Замираю в его руках, чувствуя, как все внутри обрывается и падает к ногам, истерзанное, разорванное. К его ногам. Потому что сейчас я слышу в каждом его слове свой приговор.
— Но я не отпущу тебя, Стася, — выдыхает мне в губы. А я не в силах оторвать взгляд от его смоляных глаз, в которых сейчас нет ничего, кроме пустоты. — Даже если ты порежешь меня на куски вот этим своим взглядом. Даже если сдашь с потрохами Гурину. Не отпущу. Я скорее сдохну. И тебе придется с этим смириться.

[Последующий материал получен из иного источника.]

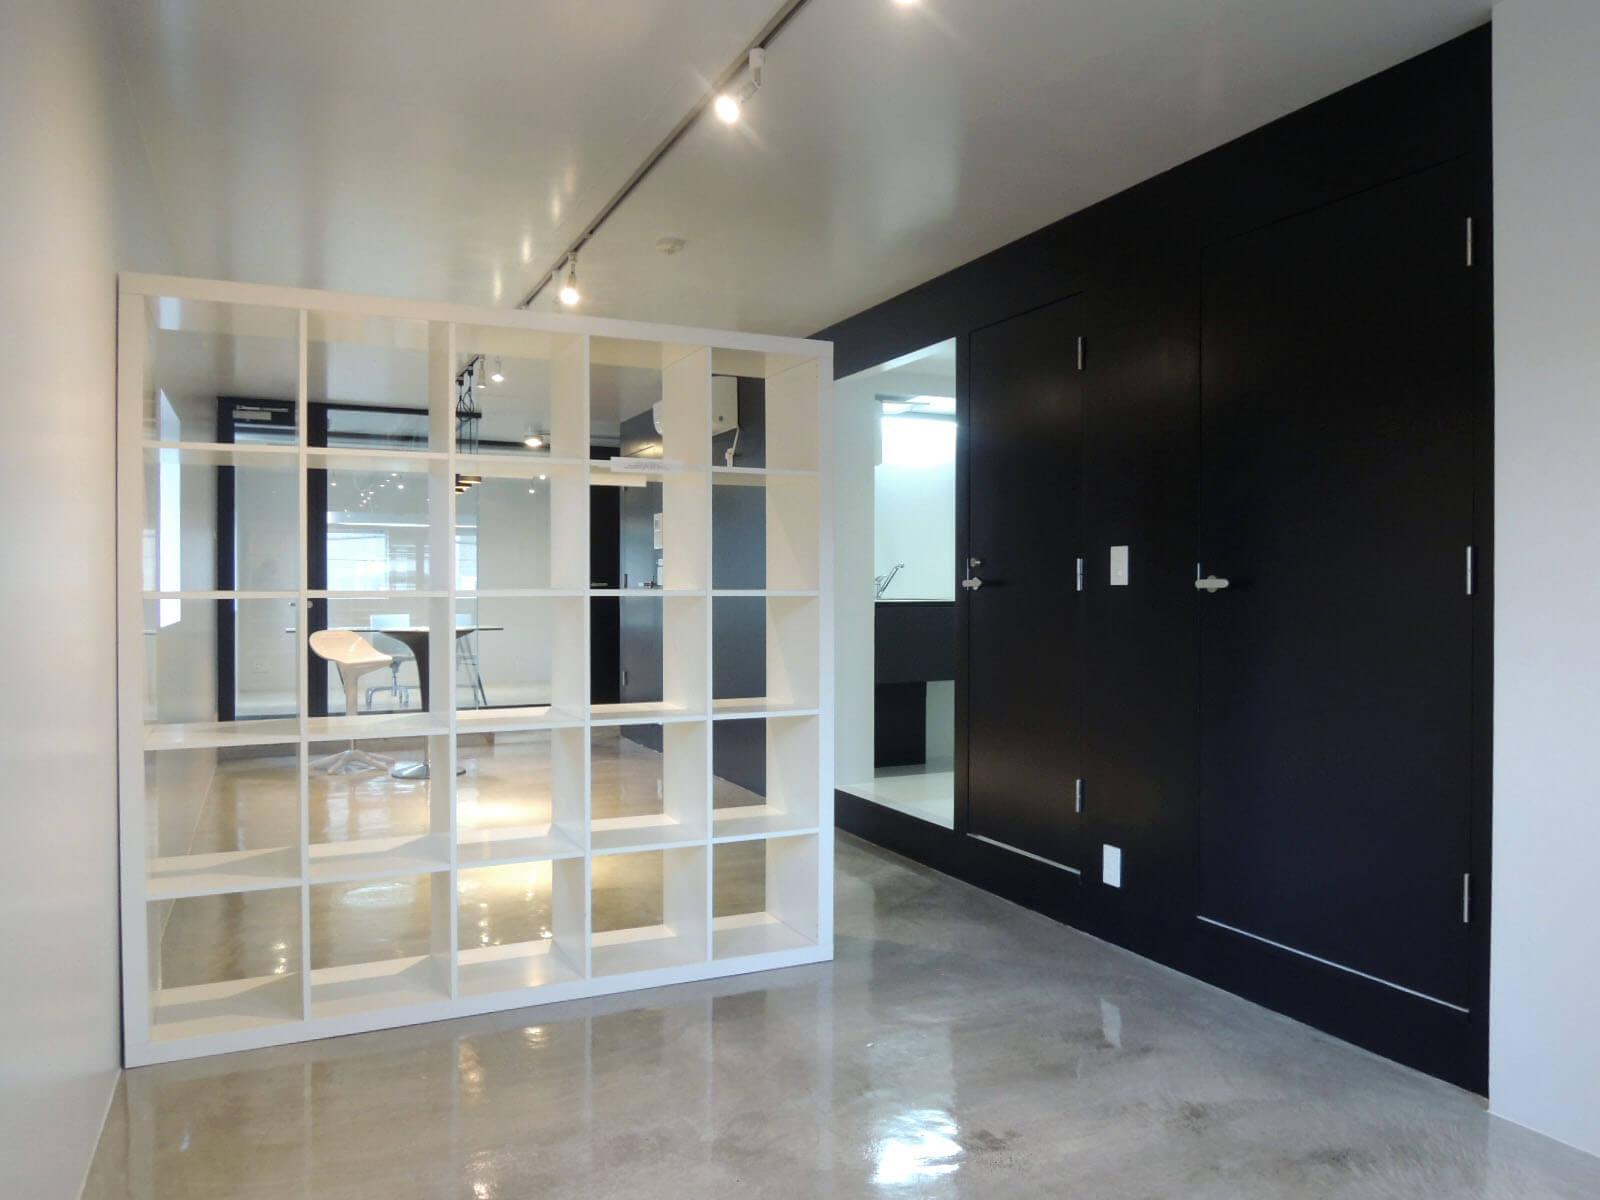 備付の棚は移動可能、目隠しにしても壁付けにしても
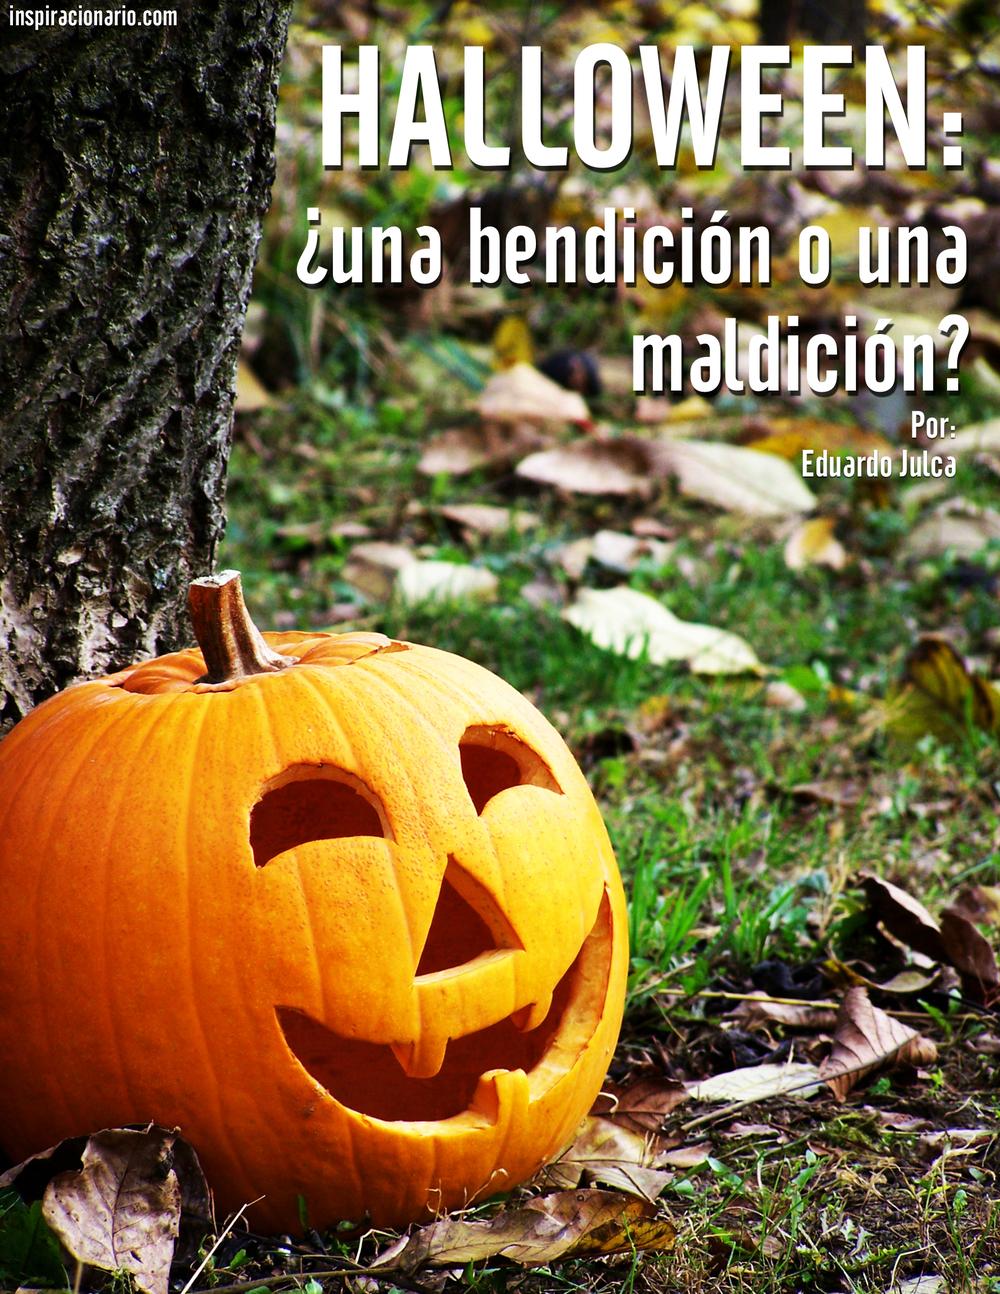 HALLOWEEN BENDICION O MALDICION.jpg

И так же резко отпускает. Я отшатываюсь, с трудом удерживаясь на ногах. Они дрожат. Все тело трясет как в лихорадке. Мне страшно и больно. Так сильно, что хочется выть. Тимур спрыгивает со стула, в два шага подходит к парапету, вцепляется пальцами в перила. Он напряжен. Зол. Потому что решил, что я соврала. Не в последних словах, а тогда, когда он открылся мне. Когда поделился своими кошмарами. Когда впустил меня в свое сердце.